HumanLM-Opinion: Simulating User States
HumanLM-Opinion, developed by snap-stanford, is an 8 billion parameter user simulator built on the Qwen3-8B base model. Unlike traditional fine-tuning that focuses on response imitation, HumanLM is trained using Group Relative Policy Optimization (GRPO) with a unique state alignment method. It explicitly models and generates responses based on six psychologically-grounded user state dimensions: belief, goal, value, stance, emotion, and communication style.
This specific checkpoint is fine-tuned on the Humanual-Opinion benchmark, which comprises Reddit users' opinionated responses in personal-issue discussion threads. The model's generation process includes a <think> block where it reasons about these latent states before producing the final response.
Key Capabilities
- State-Aligned Response Generation: Generates responses that reflect a user's underlying beliefs, emotions, values, and communication style.
- Opinionated User Simulation: Excels at producing diverse, opinionated feedback, particularly in discussion-based contexts.

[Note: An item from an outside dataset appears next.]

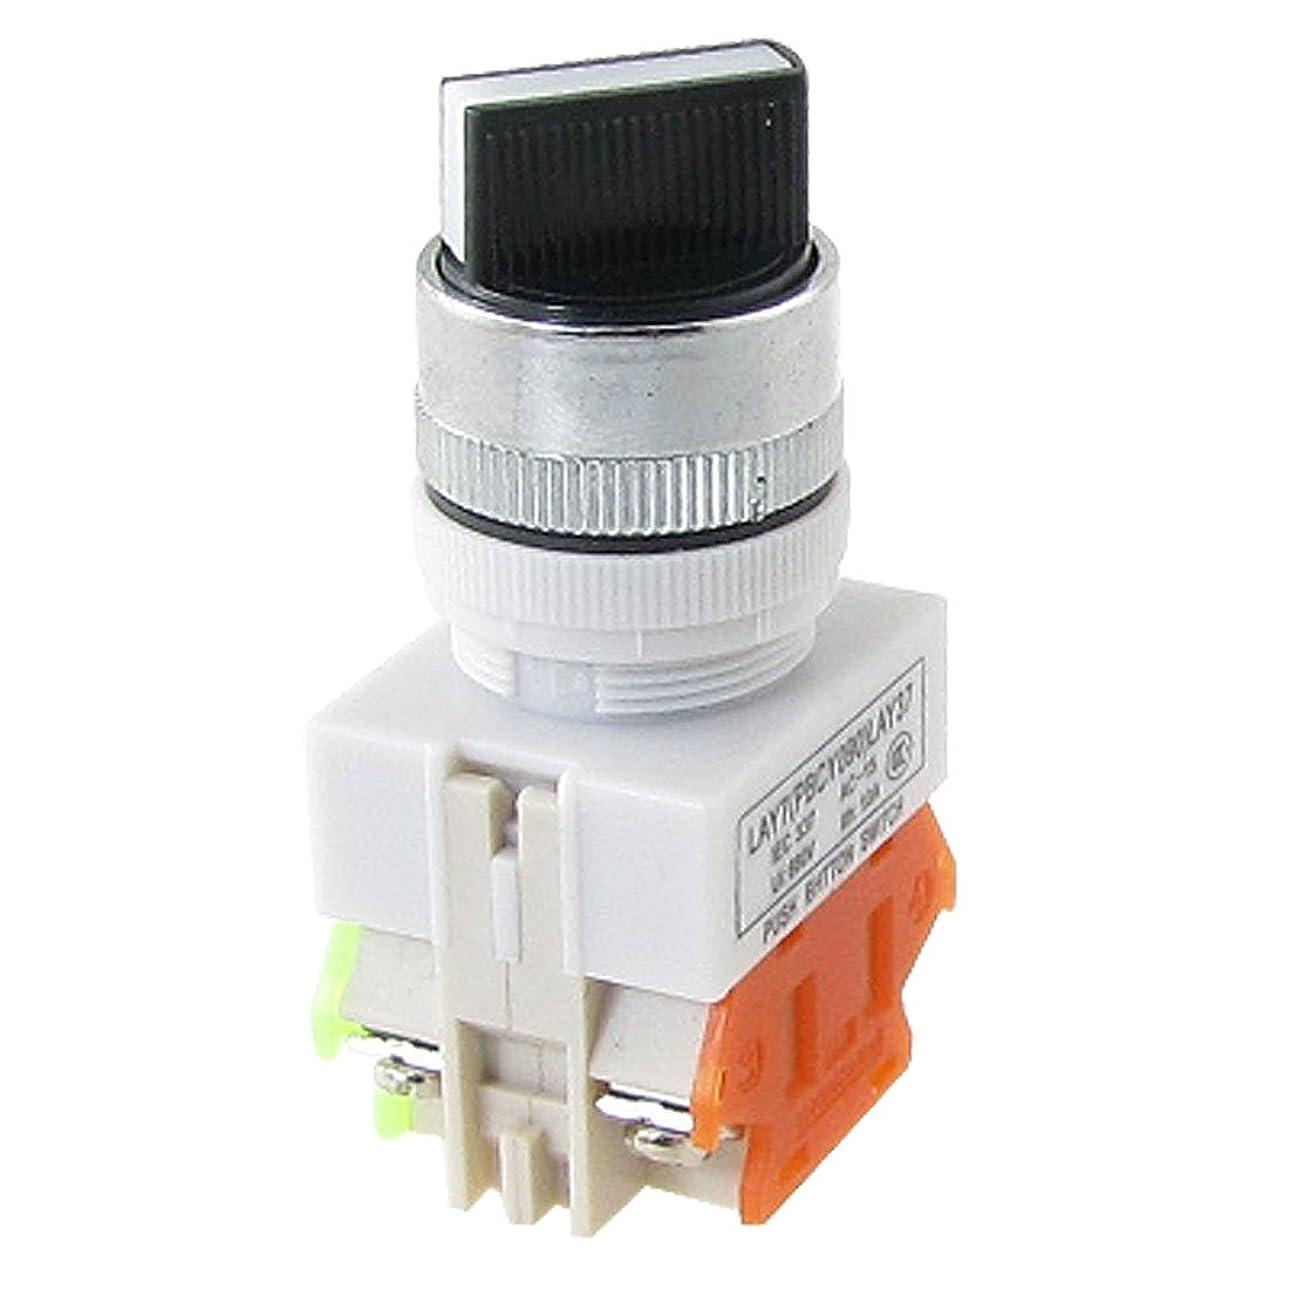 矛盾するボアストライプuxcell ロータリースイッチ 工業セレクター LAY37 Ui660V 2ポジション

- Contextual Reasoning: Utilizes a
<think> block to reason about latent user states, enhancing the realism and depth of simulated responses. - High Naturalness: Achieved a 76.6% rating of "quite natural" or "indistinguishable from human" in real-time user studies.
Good for
- User Research: Understanding how different user personas might react to content or scenarios.
- Content Testing: Predicting audience reactions to posts, articles, or policy drafts.
- AI Alignment: Generating varied and realistic user feedback to train and evaluate collaborative AI systems.
- Social Simulation: Modeling opinion dynamics and interactions within online communities.